Well, it's definitely been argued, although you are right that eventually the
court decided that it was not fair use to distribute "family friendly" version
of movies. Perhaps counterintuitively, despite ruling strongly against
CleanFlicks, the judge ruled that the because the changes were based only on
redaction, the edited version was _not_ to be considered a derivative work!
[https://freedom-to-tinker.com/2006/07/10/cleanflicks-
ruled-i...](https://freedom-to-tinker.com/2006/07/10/cleanflicks-ruled-
infringer/)

The Family Movie Act of 2005 further codified this right to redact, using the
argument that if the edited version was only used for a "private home
viewing", it did not violate the right of distribution:
[https://www.copyright.gov/docs/regstat061704.html](https://www.copyright.gov/docs/regstat061704.html).

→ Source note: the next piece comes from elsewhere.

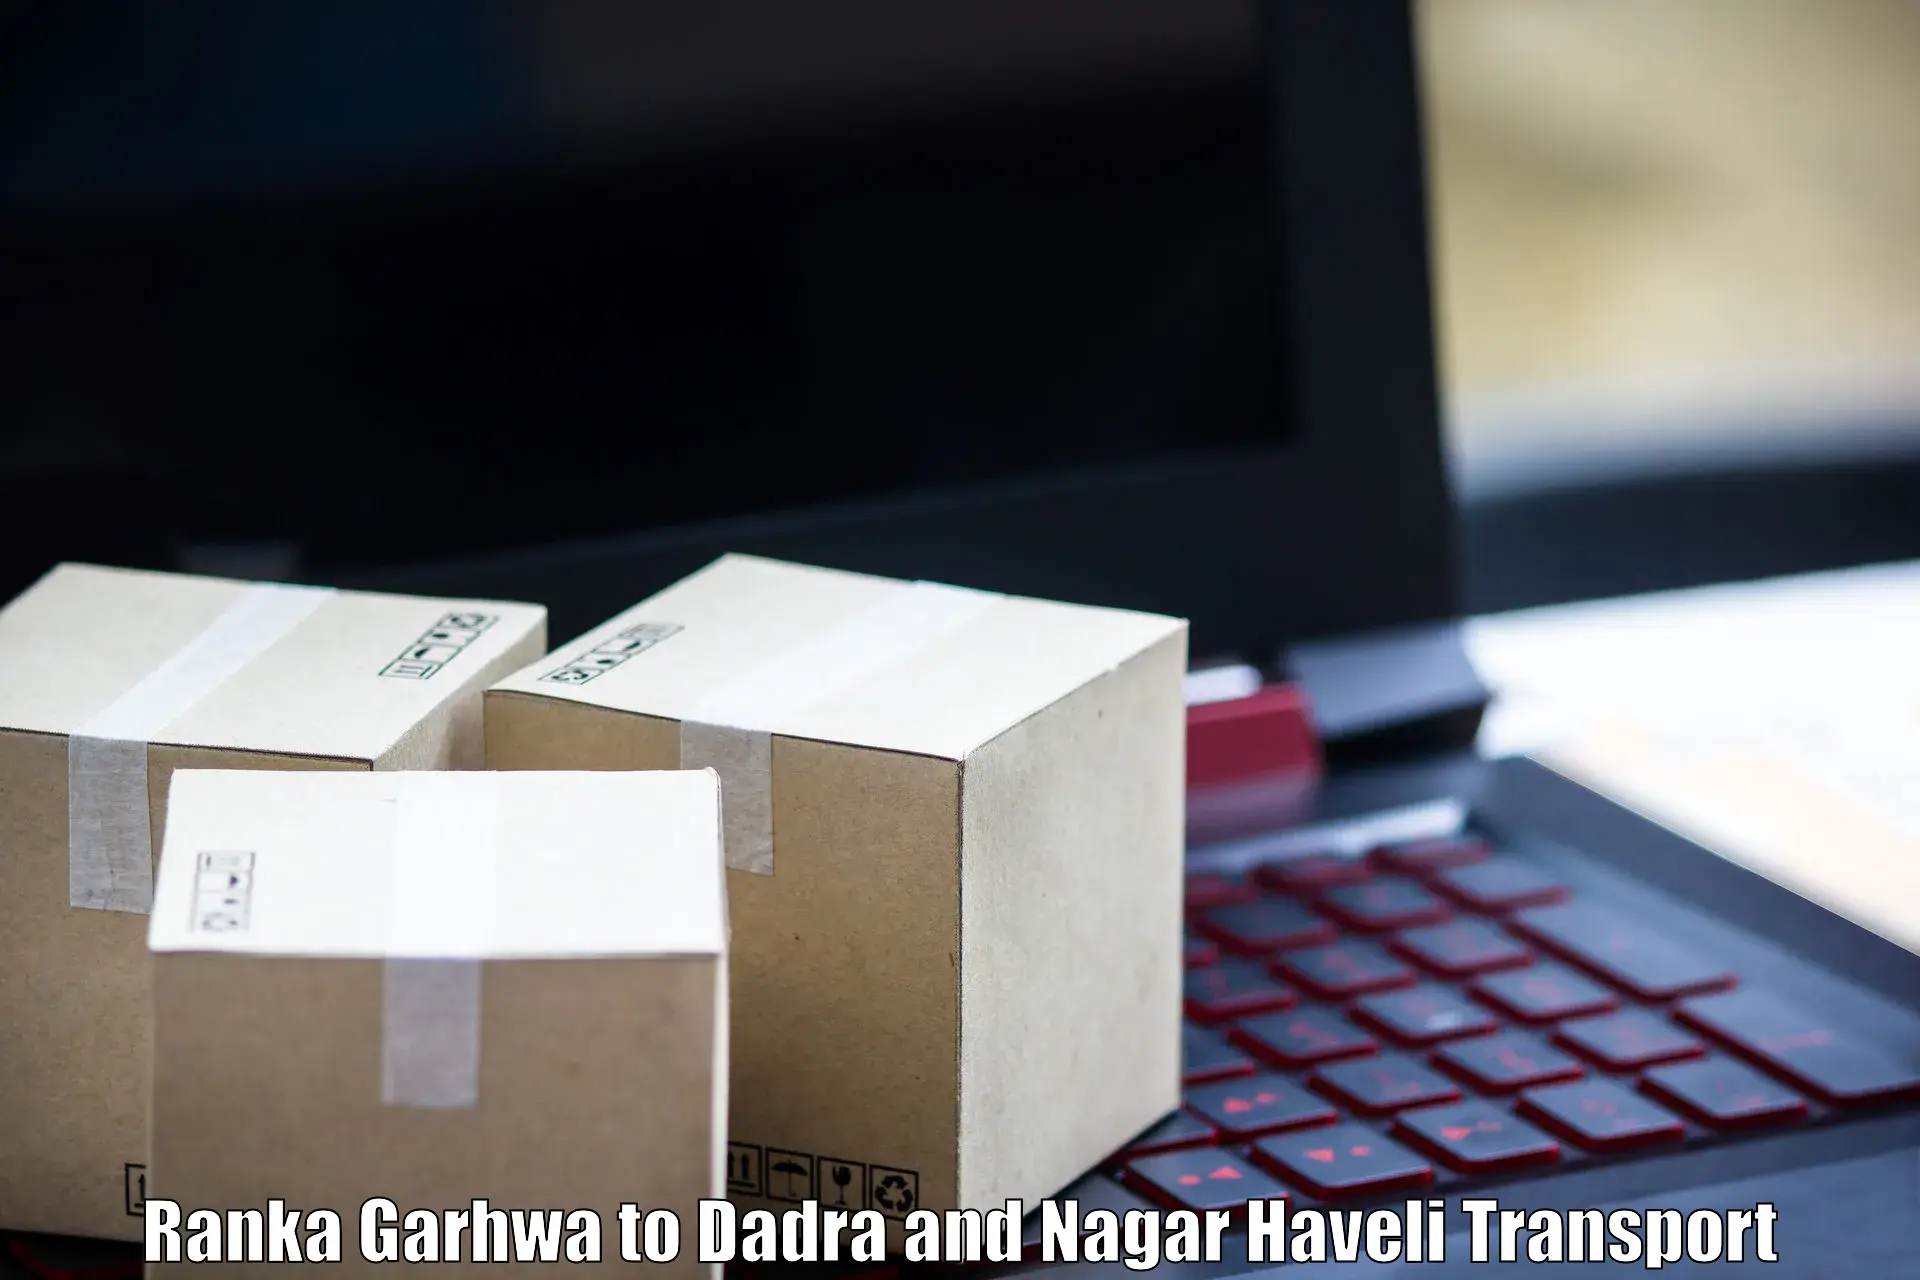 Truck transport companies in India Ranka Garhwa to Dadra and Nagar Haveli
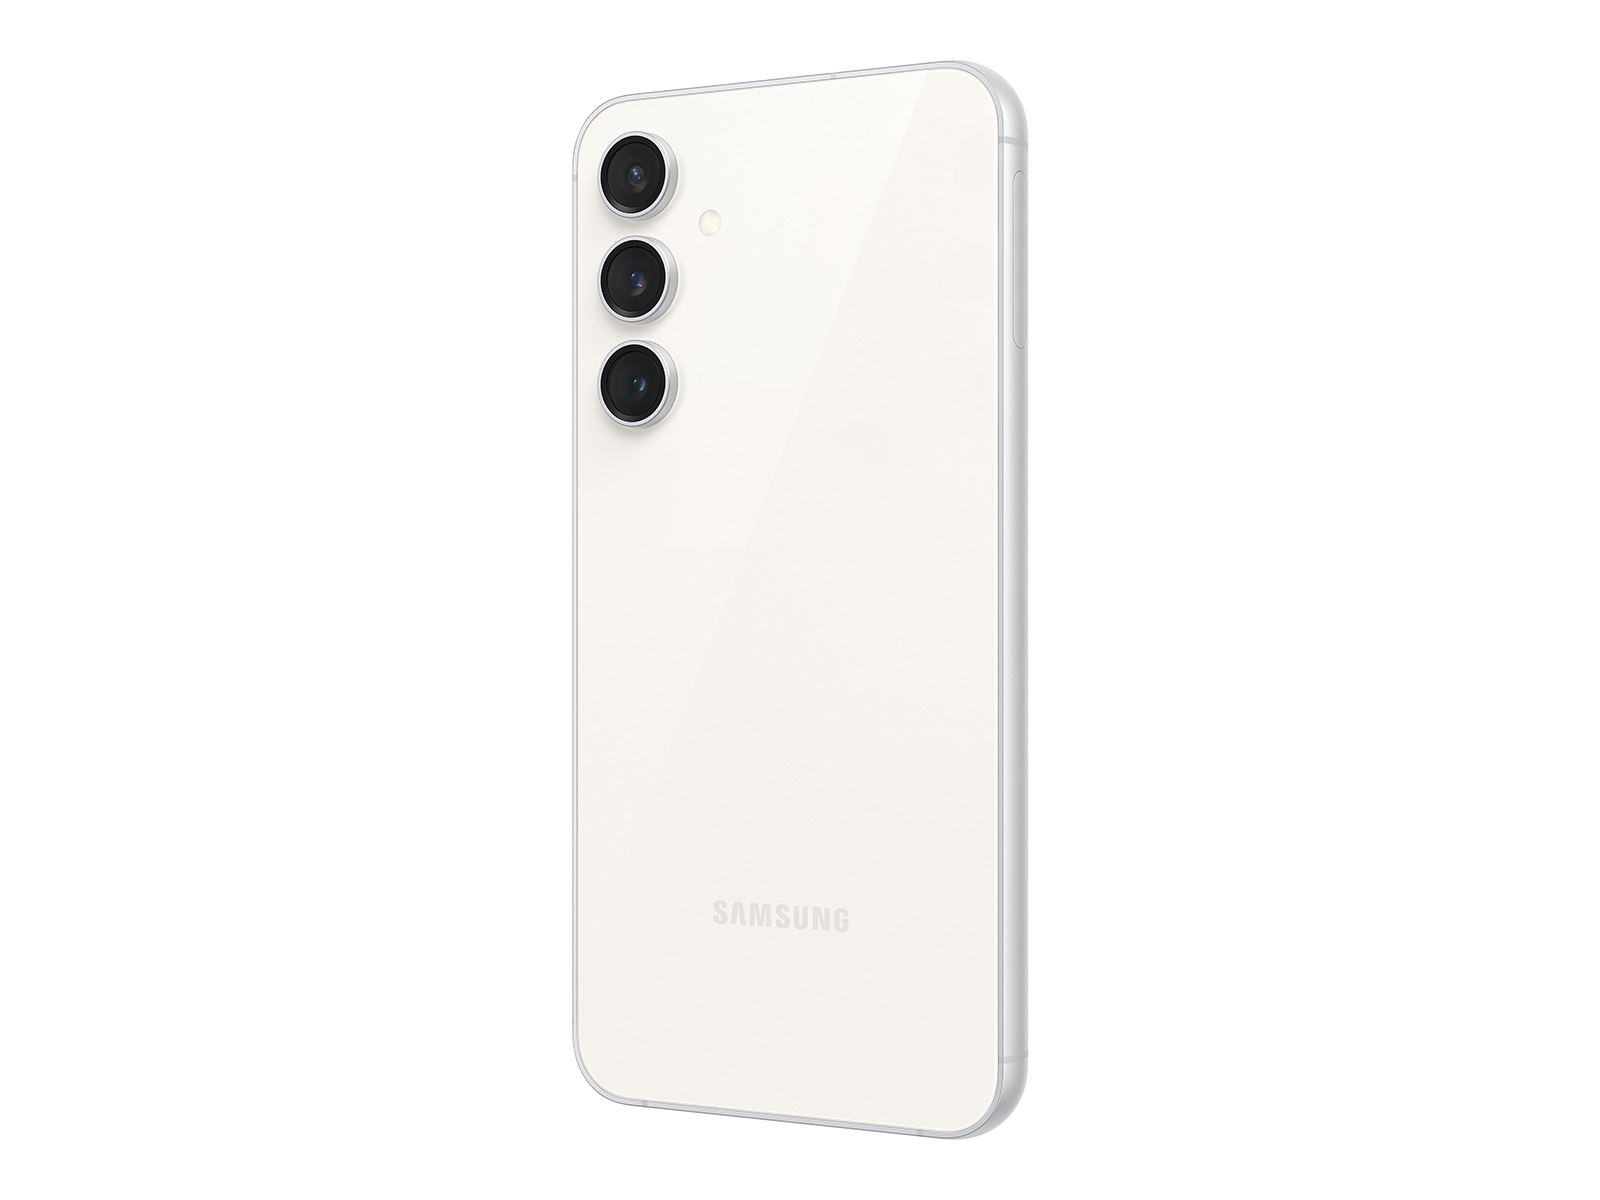 Buy Galaxy S23 FE 128GB (T-Mobile) Phones

 _None of this, however, is relevant to Comcast making new derivative works
based other people 's HTML files without a license and providing a copy of
those derivative works to their customers._

Would a similar argument as to single viewer experience work in Comcast's
case? I don't know, but in the absence of settled case law, I wouldn't bet
against Comcast's lawyers getting a court to give the answer they want.

But maybe I can make it an easier question: Based on what they've done so far,
what are the chances that Comcast will be sued for copyright infringement and
lose? I don't have a lot of money to bet, but I think the chances are low that
successful lawsuit against Comcast will be brought for what they've done. Do
you think otherwise?